Not finished, Nike and Converse claim that “the counterfeiting and dilution of Waskowiak and KickRich does not end there”, as they “also” manufacture and sell laser cut and digital download “shoe models” that allow customers to others to manufacture counterfeits for several of Nike’s iconic and commercial brands. – Coat protected shoe styles, including the Air Force 1, Dunk and Air Jordan 1. “Nike and Converse allege that the defendants” claim that these models include “all the shapes necessary for each upper, lining, overlays, foams and heel counter” “,” or in other words, “the clients of the defendants buy these models to make their own fake Nike uppers bearing the famous Swoosh design and other protected commercial clothing.
And finally, not to be overlooked, Nike and Converse claim that the defendants have confused the market, among other things, “by advertising their counterfeit products.” [by] including “classic” or “vintage” applicants ‘logos and slogans, ”as well as“ references to Waskowiak’s previous employment, which suggests applicants’ authorization ”. Here Nike and Converse refer to Waskowiak’s nearly 5-year role as a shoe developer for Nike from 2014 to 2019.
As to the alleged damage to Nike and Converse as a result of these “illegal customizations”, the shoe makers claim that the defendants’ products “dilute [their] trademark rights and they confuse, and are likely to confuse, consumers as to the source, origin, affiliation and / or sponsorship of products. Consumers likely to be confused in an initial sales capacity, according to Nike and Converse. Beyond that, however, they interestingly assert that the allegedly counterfeit products “will continue to confuse the marketplace, including, but not limited to, confusion after the sale and confusion in secondary markets. sneakers “ie on the robust resale market. for shoes.
And reflecting some of the language of the Drip Creationz complaint, Nike and Converse here claim that the defendants’ unauthorized “personalizations” interfere with their “prerogative to choose who. [they] collaborates with, what colors [they] press releases, and what message [their] designs convey ”considerations that they claim to be an integral part of [their] branding and quality control on [their] designs. Likewise, Nike and Converse claim that such unauthorized customizations limit their ability to control “their brands, their company’s reputation and the associated goodwill, which they have spent decades building.”

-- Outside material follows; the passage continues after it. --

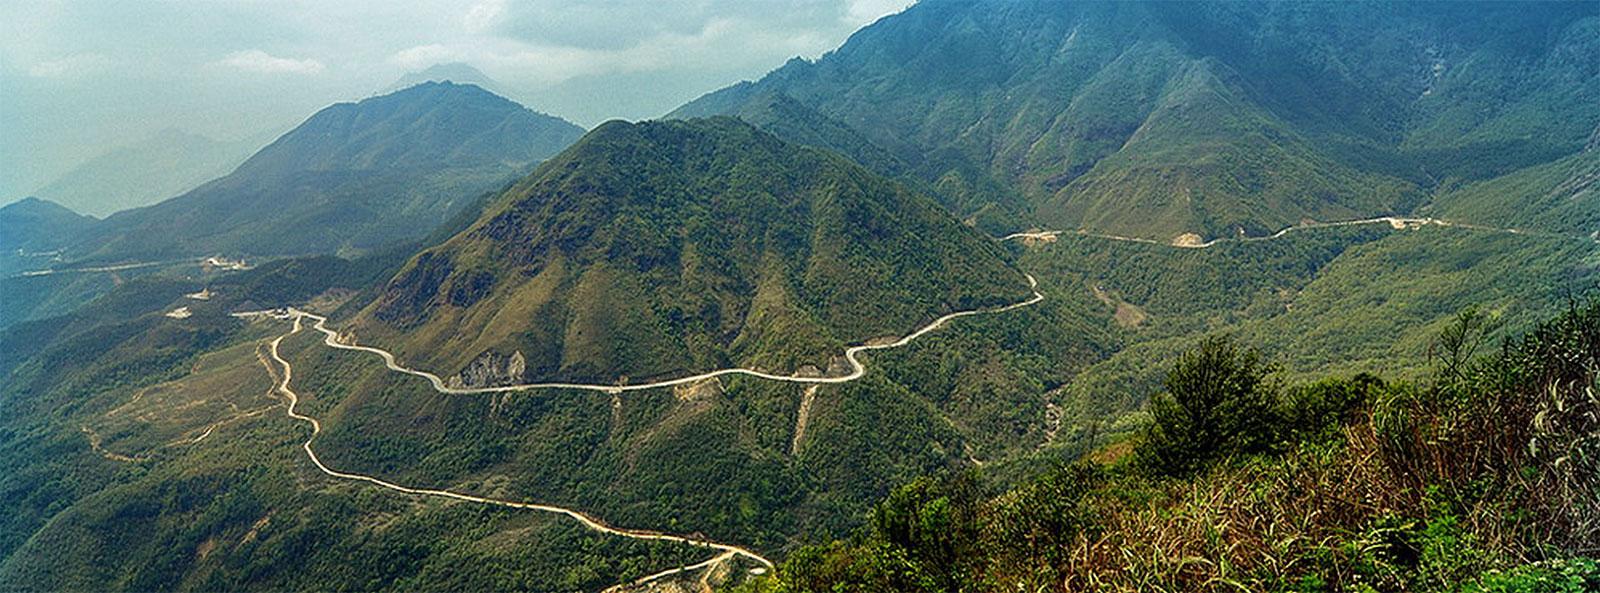 Road from Nha trang to Dalat

As in the Drip Creationz case, Nike and Converse have presented allegations of trademark infringement, trademark dilution, false designation of origin and unfair competition, and seek damages in an amount to be determined at the lawsuit, as well as an injunction to prohibit the defendants from further infringing their trademarks and / or damaging their company’s reputation, among others.
The case is Nike, Inc. and Converse, Inc. v. Waskowiak and KickRich LLC, 3: 21-cv-01068 (D.Or.)